Michèle Duvivier-Pierre Louis a reçu le titre de chevalier de la Légion d’honneur devant des invités triés sur le volet, dont le Président de l’École Normale Supérieure, Berard Senatus, le Recteur, Jack Lumac, Magali Comeau-Denis, Maris Pernet, Danielle Magloire, Yanick Lahens lors d’un cocktail à la résidence de l’Ambassadeur de France en Haïti, le lundi 13 mars. L’ambassadeur de France en Haïti a reçu l’insigne de la Légion d’honneur, élevé au rang de Chevalier, des mains du diplomate français Fabrice Mauriès, lors d’un cocktail à la résidence officielle.
Soulignant que la situation difficile dans laquelle se trouvait le pays ne lui permettait pas de trouver une ouverture pour son discours, l’Ambassadeur Mauriès a indiqué qu’il avait finalement choisi de commencer sur une note optimiste et de mettre l’accent sur les espoirs qui composent son riche parcours avec l’intervention de Madame Duvivier Pierre-Louis, Présidente de FOKAL, au colloque » Haïti : littérature et civilisation » au Collège de France à Paris.
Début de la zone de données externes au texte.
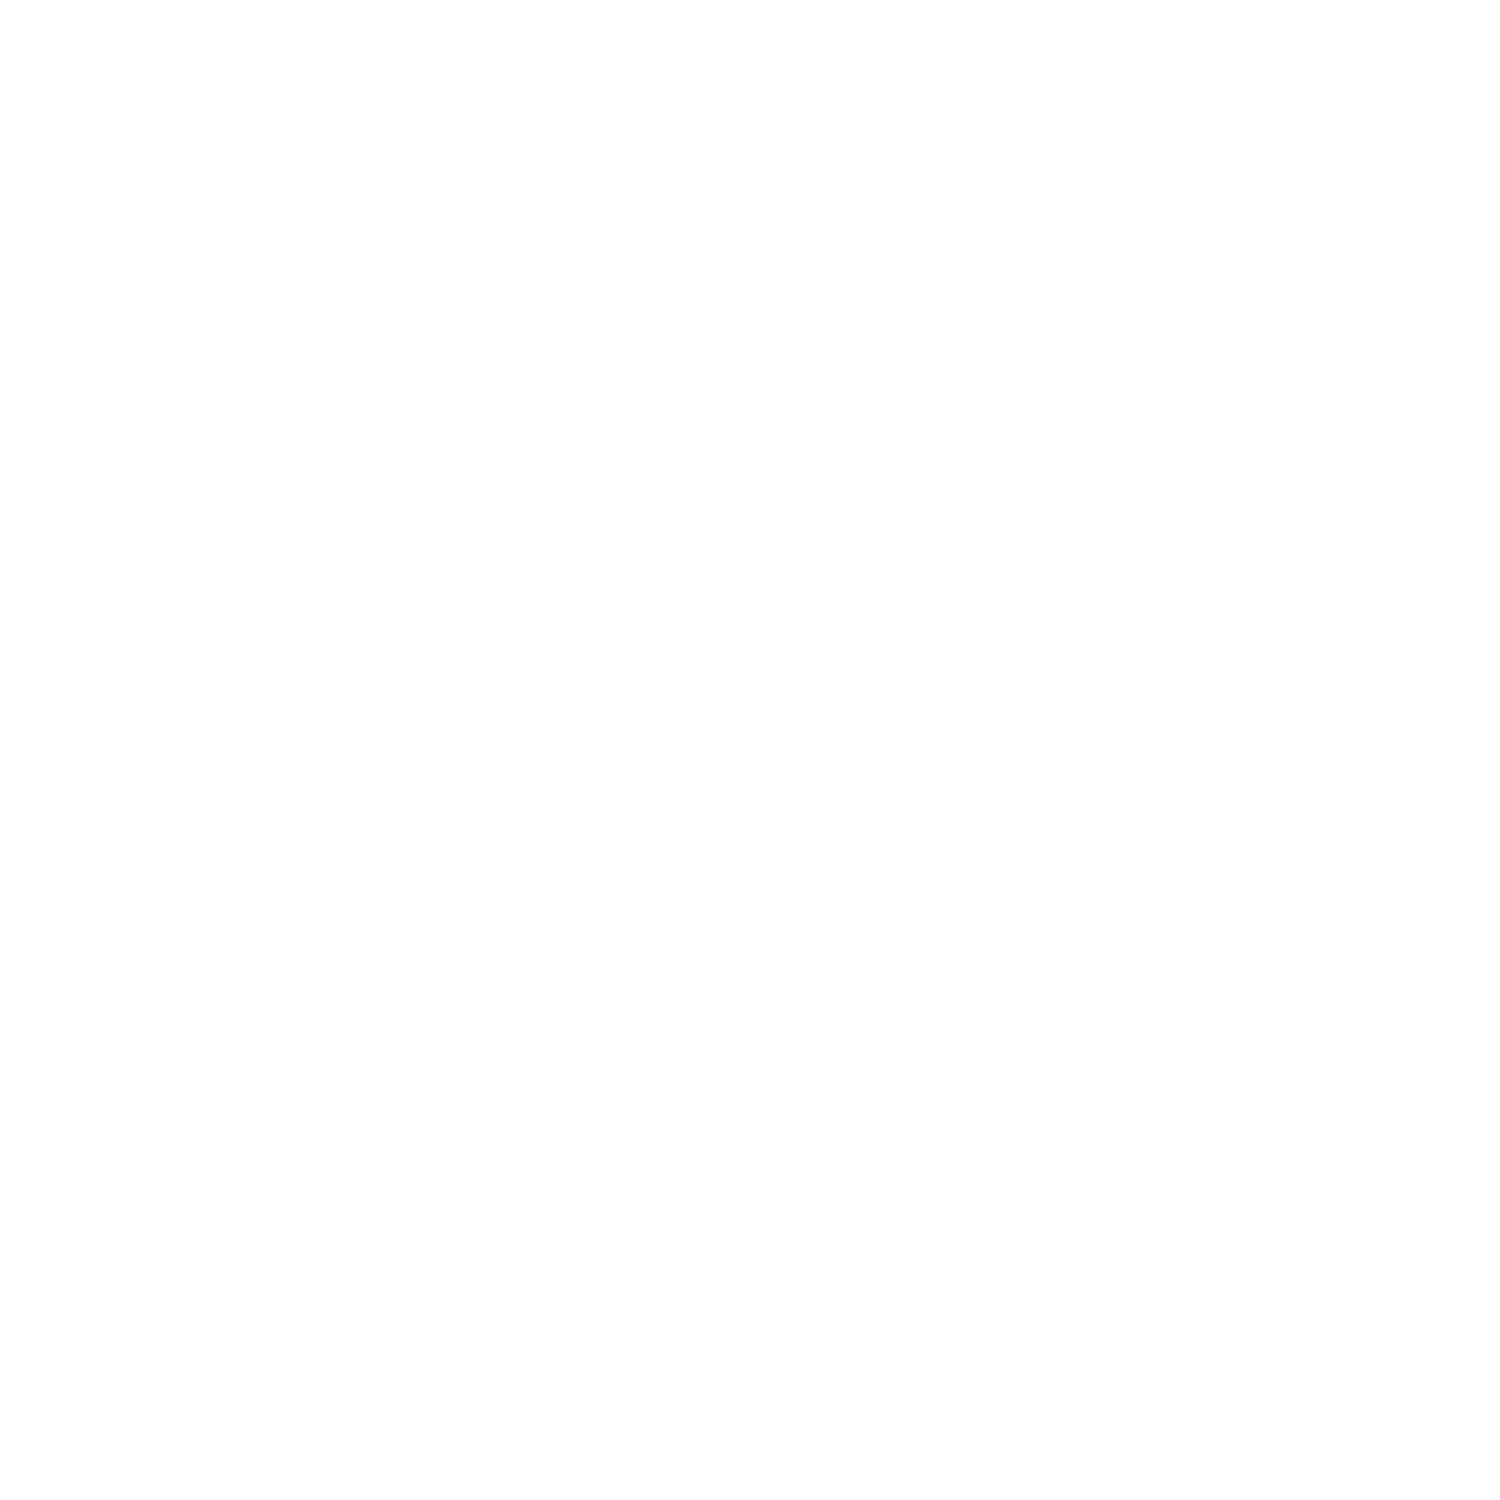 Maui Design Studio

« Les grandes étapes de votre riche parcours personnel et professionnel illustrent cette double dimension d’actrice du changement politique qui a assumé cette responsabilité sous la houlette de l’Etat, mais aussi de militante lucide et généreuse de la société civile qui n’a cessé d’agir et de rappeler qu’Haïti reste un pays de progrès et non de régression dans les domaines politique, culturel et humanitaire », a déclaré l’Ambassadeur de France, avant d’évoquer son parcours académique et professionnel ainsi que son engagement dans la lutte contre la pauvreté et l’exclusion sociale. son parcours académique et professionnel ainsi que son expérience politique.
Avant de lui remettre la Légion d’honneur, Fabrice Mauriès a rappelé qu’elle avait reçu de nombreuses distinctions pour sa vie au service des autres, notamment en tant que professeure à l’Université de Quisqueya lors des campagnes d’alphabétisation des années 1980, et en particulier à la tête de FOKAL, qui a été honorée par la Bibliothèque du Congrès en 2008.
Titulaire de deux doctorats honorifiques, l’auteur a également reçu le prix de la Fondation YoKo Tada pour les droits de l’homme et est membre de la Haute Commission de médiation des Nations unies sur recommandation d’António Guterres.